# Вопросы-ответы > Вопросы к Е.М. Хари Шаури прабху >  Настоящий прасад

## Сева

Харе Кришна!
Мои поклоны.

Я читал в книгах и лекциях что Шрила Прабхупады что для обуздания чувств человеку достаточно принимать в пищу только Кришна прасад (Комментарий к первому стиху Упадешамриты).

Еще я слышал историю про брахмана который жил при дворе у царя и не мог совладать с вожделением, хотя и ел только Кришна прасад, потому что бхога для Кришны была куплена за грязные деньги царя.

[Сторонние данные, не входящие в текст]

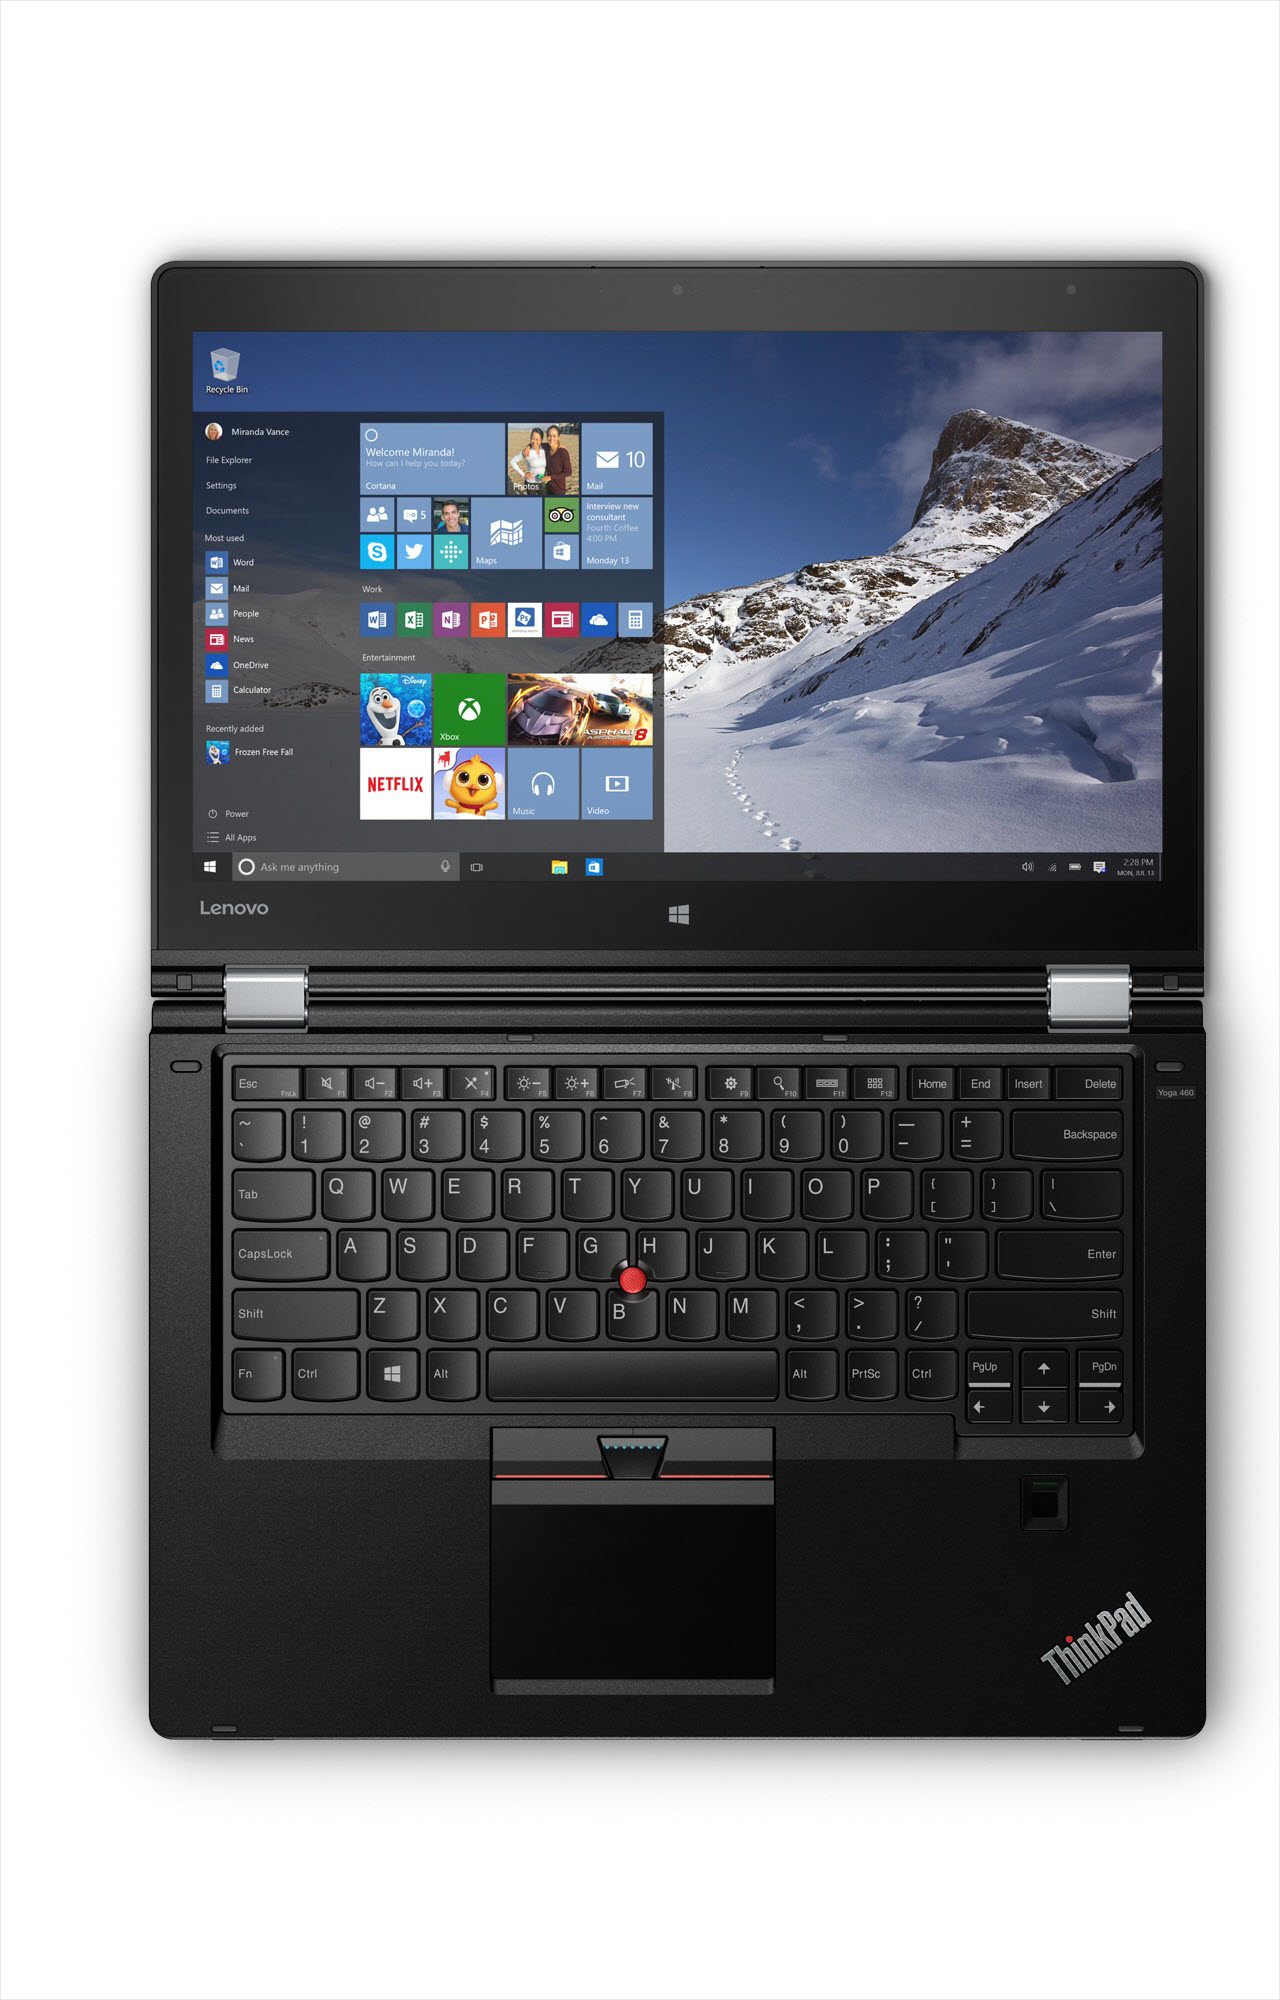 "Lenovo ThinkPad Yoga 460 2.5GHz i7-6500U 14"" 1920 x 1080pixels Touchscreen Black"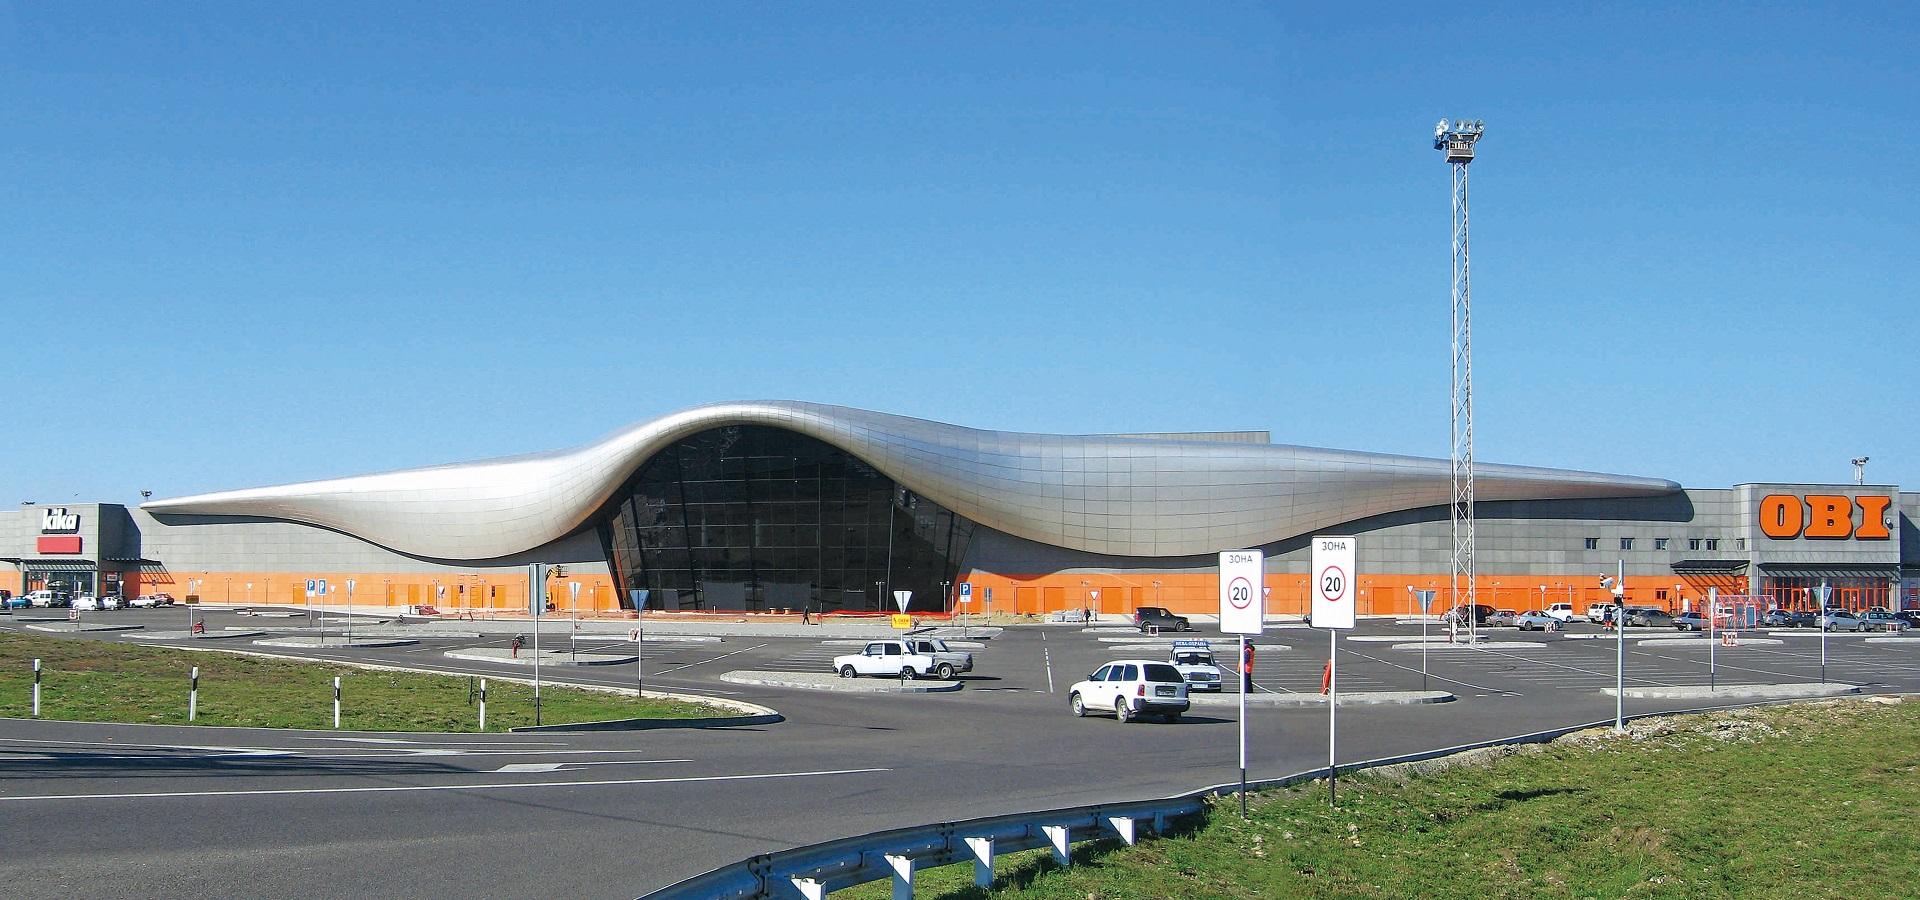 Landscape view of Oz Mall across the main car park

Какие же деньги считаются чистыми?

Еще я читал слова Гауракишора даса бабаджи - он говорит что если мы предлагаем Господу Чайтанье ту пищу которая приятна нашим чувствам, то Он ее не принимает и по этому следует предлагать ему только самую аскетичную пищу такую как рис без масла или невкусные баклажаны.

Вопрос - как же мне обуздать чувства если я привязан к сладостям и прочей пище наслаждающей чувства?

Получается замкнутый круг - чтобы обуздать чувства нужно питаться только прасадом, а чтобы питаться прасадом нужно обуздать свою чувственную тягу к вкусной пище.


Еще вопрос, я читал что при предложении бхоги обязательно нужно ставить Господу стаканчик питьевой воды, означает ли это что без воды он подношение не принимает?

Еще говорят что если после подношения бхоги Кришне прасадом сначала когото угостить, а потом уже есть самому то Кришна прощает оскорбления и нечистые мотивы, правда ли это?

И правда ли что Панча Таттва и Джаганнатха самые милостивые формы Господа и Они принимают бхогу даже если мотив пуджари нечист?

----------